In 1985 and 1993 the plaintiff City issued building permits to the defendant for the construction of a building and facilities to support Rahn’s logging operations. In 2000 the City realized it had made an error in issuing the building permits and thereafter obtained an injunction preventing Rahn from operating on its lands on the basis of zoning issues. Rahn counter-claimed and was awarded damages for the City’s negligent issuance of building permits. At trial Rahn testified that had the City not been negligent it would have constructed its building and facilities on other lands zoned for the proper purpose. Rahn sought damages on the basis of the estimated cost to replace its building and facilities. The trial judge found the damage request unreasonable on the basis of Rahn’s failure to prove it would actually rebuild given the 1997 downturn in the logging industry. The trial judge granted an award based on the original cost of construction adjusted for inflation and reduced by the useful life of the building and facility already expended. The award, in essence, was for the depreciated value of the building and facility adjusted for increased construction costs.

On appeal the Court found that the trial judge failed to give effect to the restitutio in integrum principle by requiring Rahn to prove that it would have rebuilt the facility rather than assessing the chances of that event occurring. The Court however did not award the cost of rebuilding and in doing so specifically distinguished the case at bar from Nan on the basis of the commercial purpose of the building and facilities. In discussing Rahn’s entitlement to damages the Court stated:

“As noted earlier, the trial judge made a deduction from the capital cost figures he had arrived at to take into account a reduction in the useful life of the facilities had they been built on other lands (see paras. 54 to 57 of his reasons quoted in paragraph 62 of these reasons).
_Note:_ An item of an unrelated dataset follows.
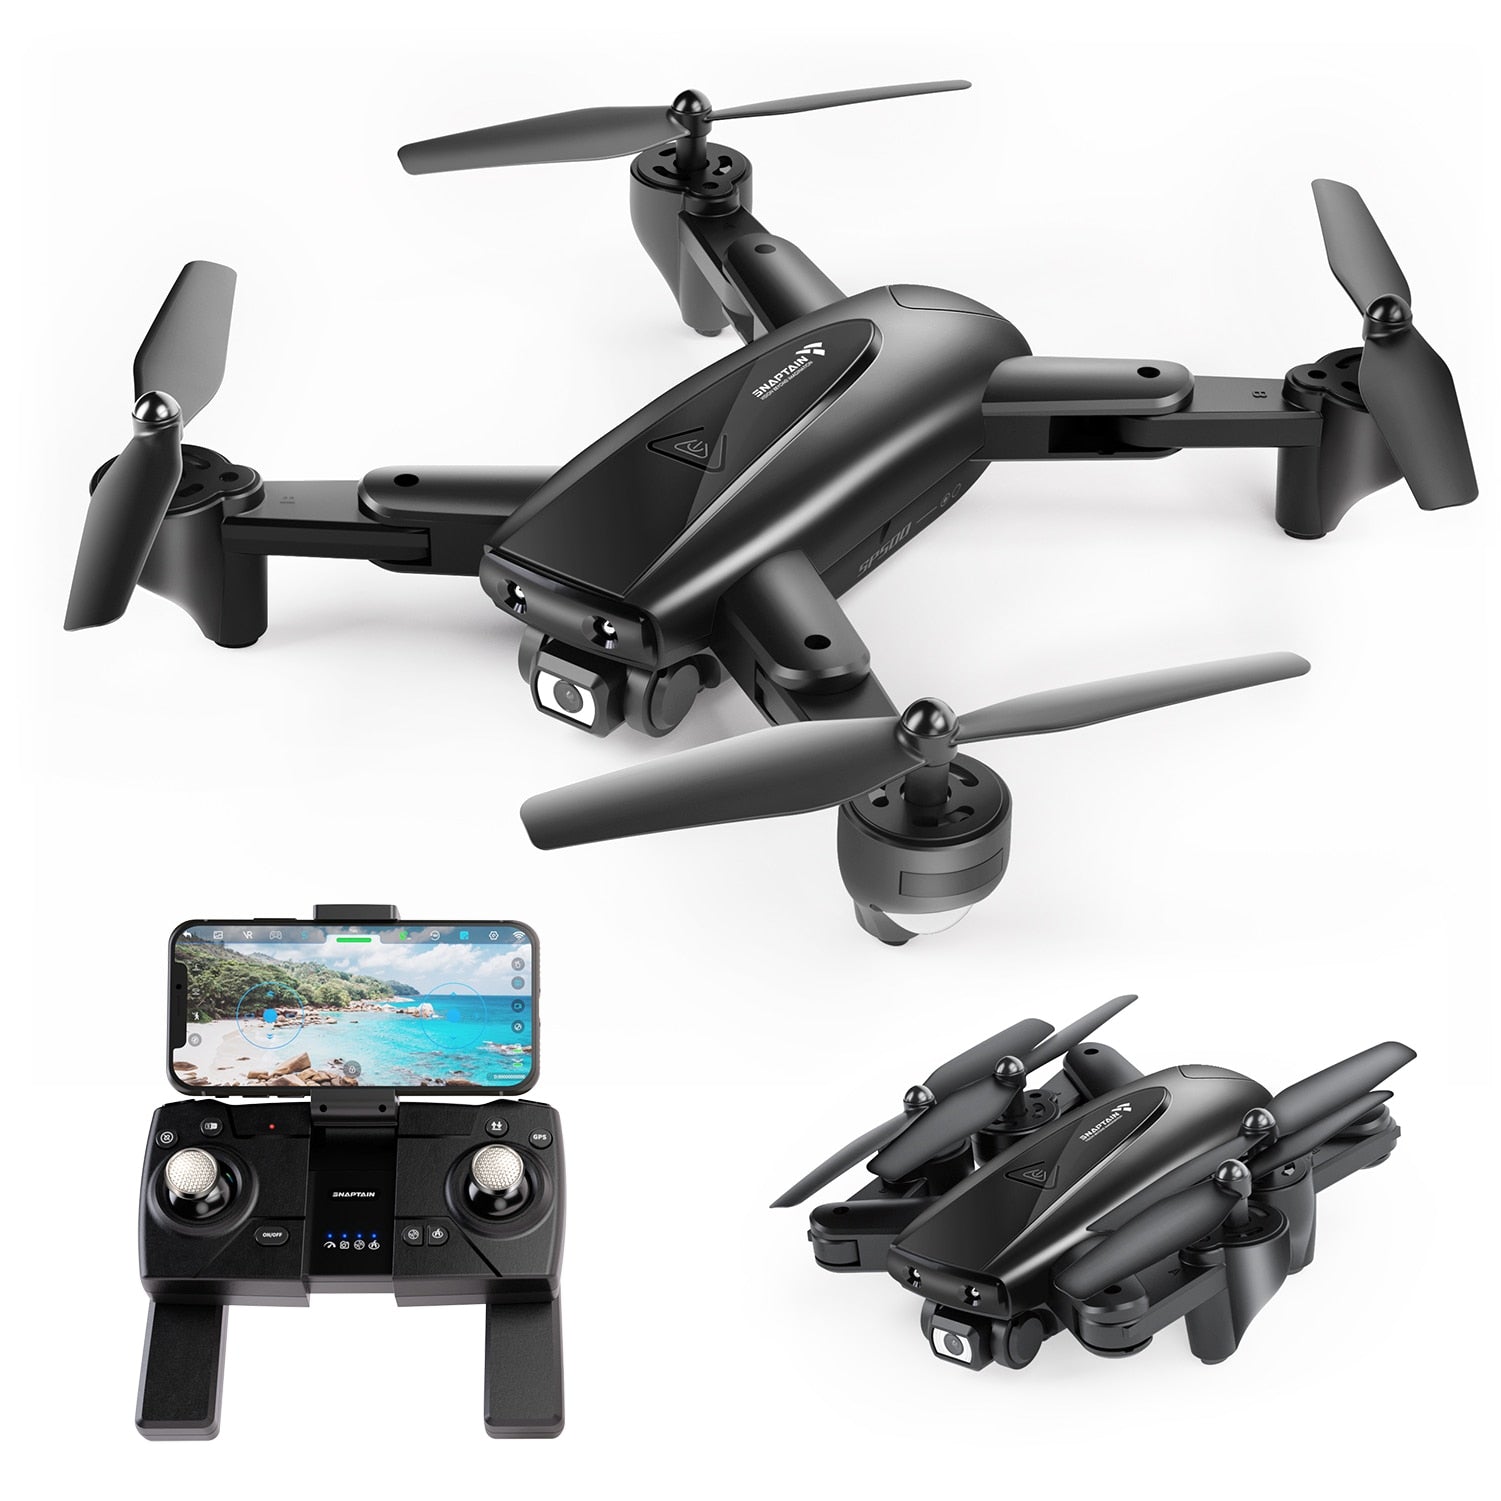 SNAPTAIN SP500 GPS 1080P HD RC Drone
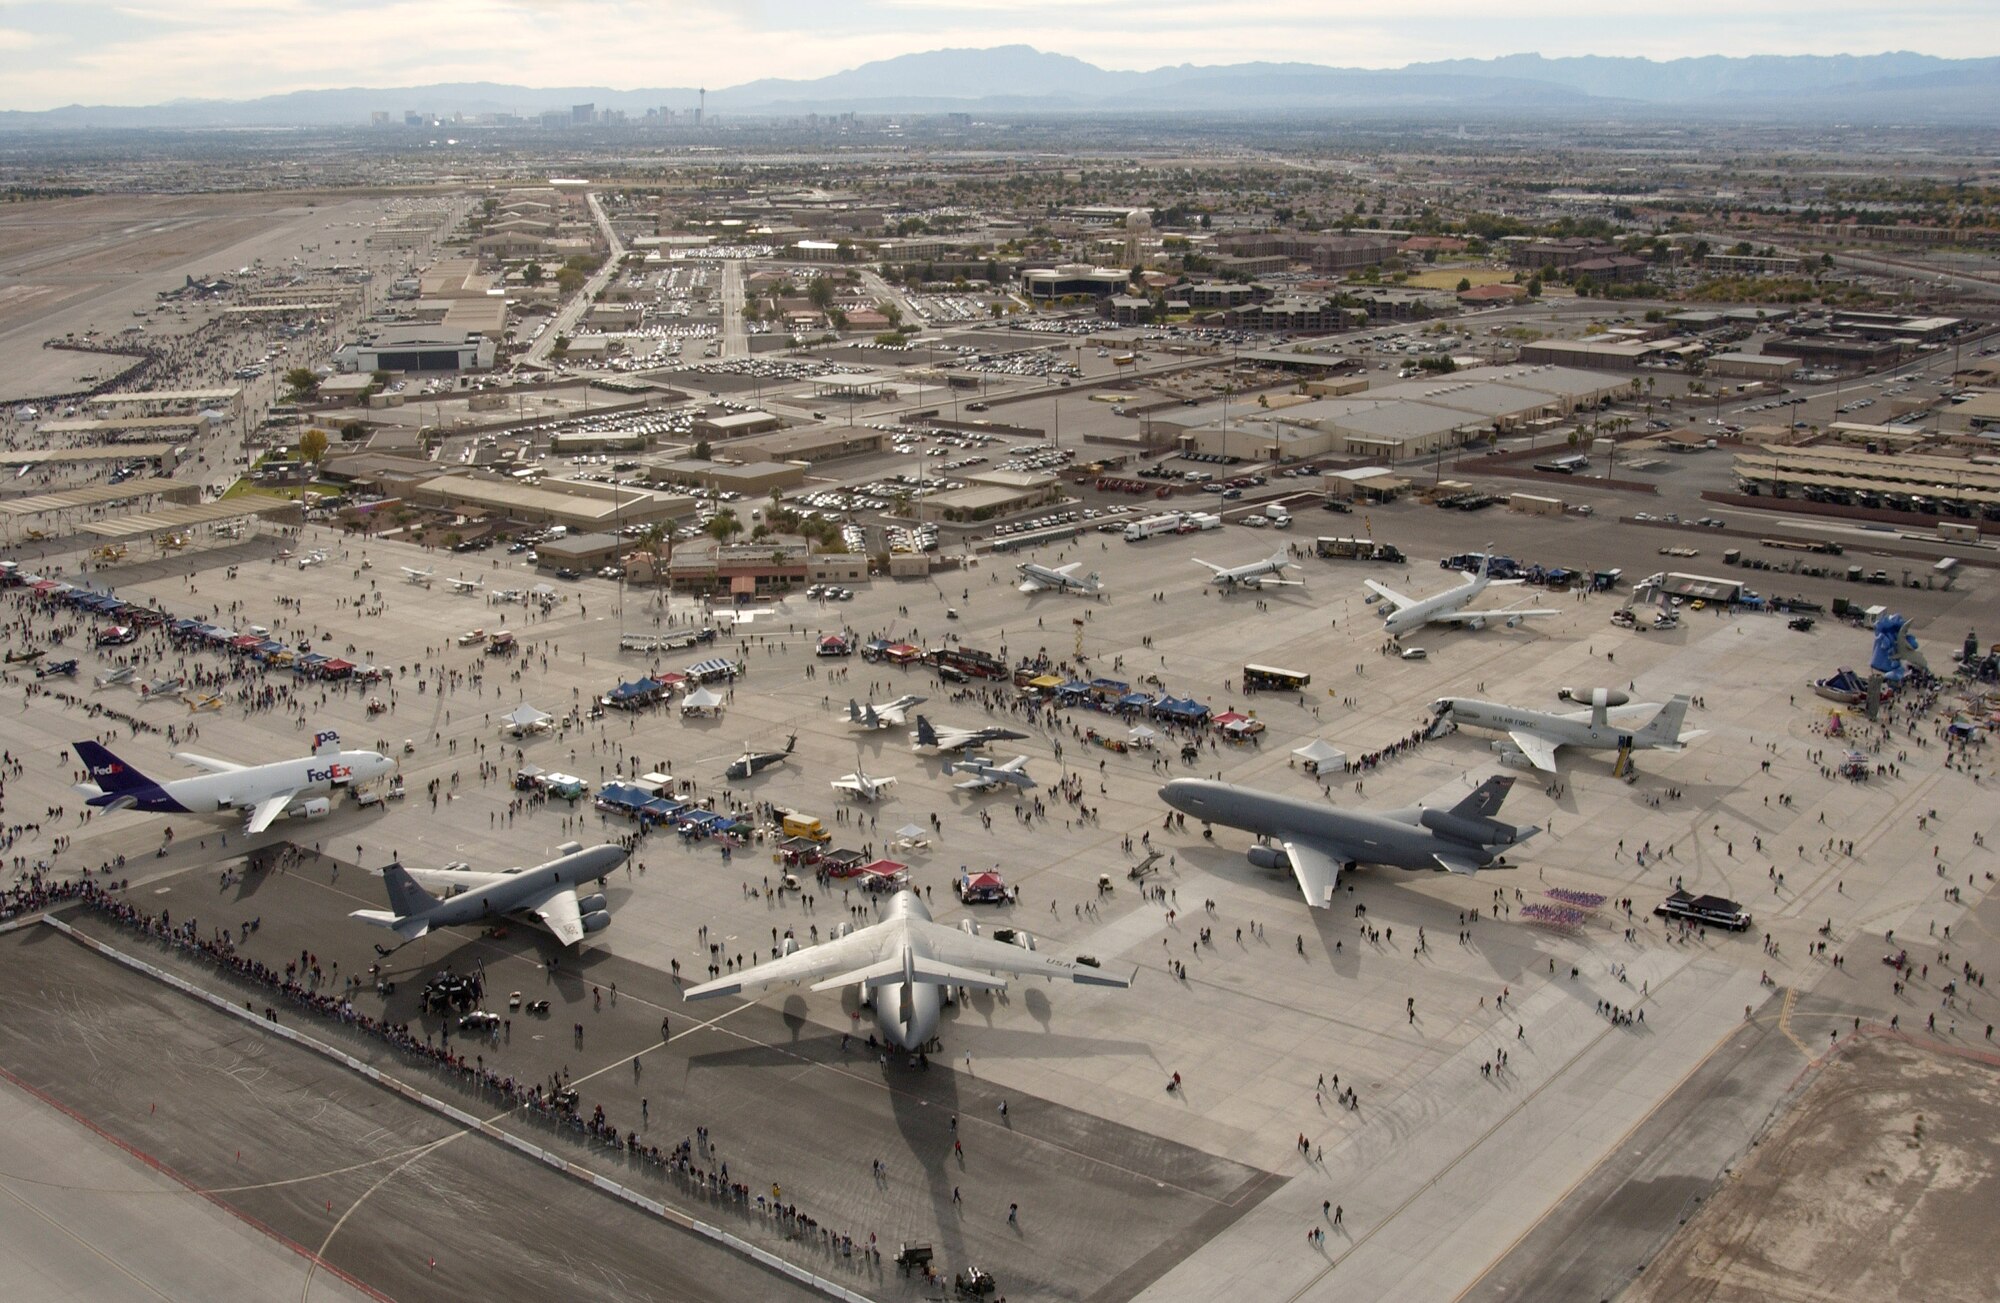 An aerial view of the flightline shows the city of Las Vegas in the distance during Aviation Nation 2006 Nov. 12 at Nellis Air Force Base, Nev. It is one of the largest aviation events in North America. The show was held Nov. 11 and 12. (U.S. Air Force photo/Master Sgt. Kevin J. Gruenwald)

If a deduction is made from the estimated replacement costs to take into account a portion of their useful life expended, the result would be an award of about $530,000. In my opinion, such a deduction must be made in this case or the result would be that the appellant is placed in a better position than it would have been in had the misrepresentations not been made at all. This was a special use building designed for the appellant’s purposes but there is no reason to assume that had it been built on other lands it would not have suffered from deterioration and some obsolescence over a span of years.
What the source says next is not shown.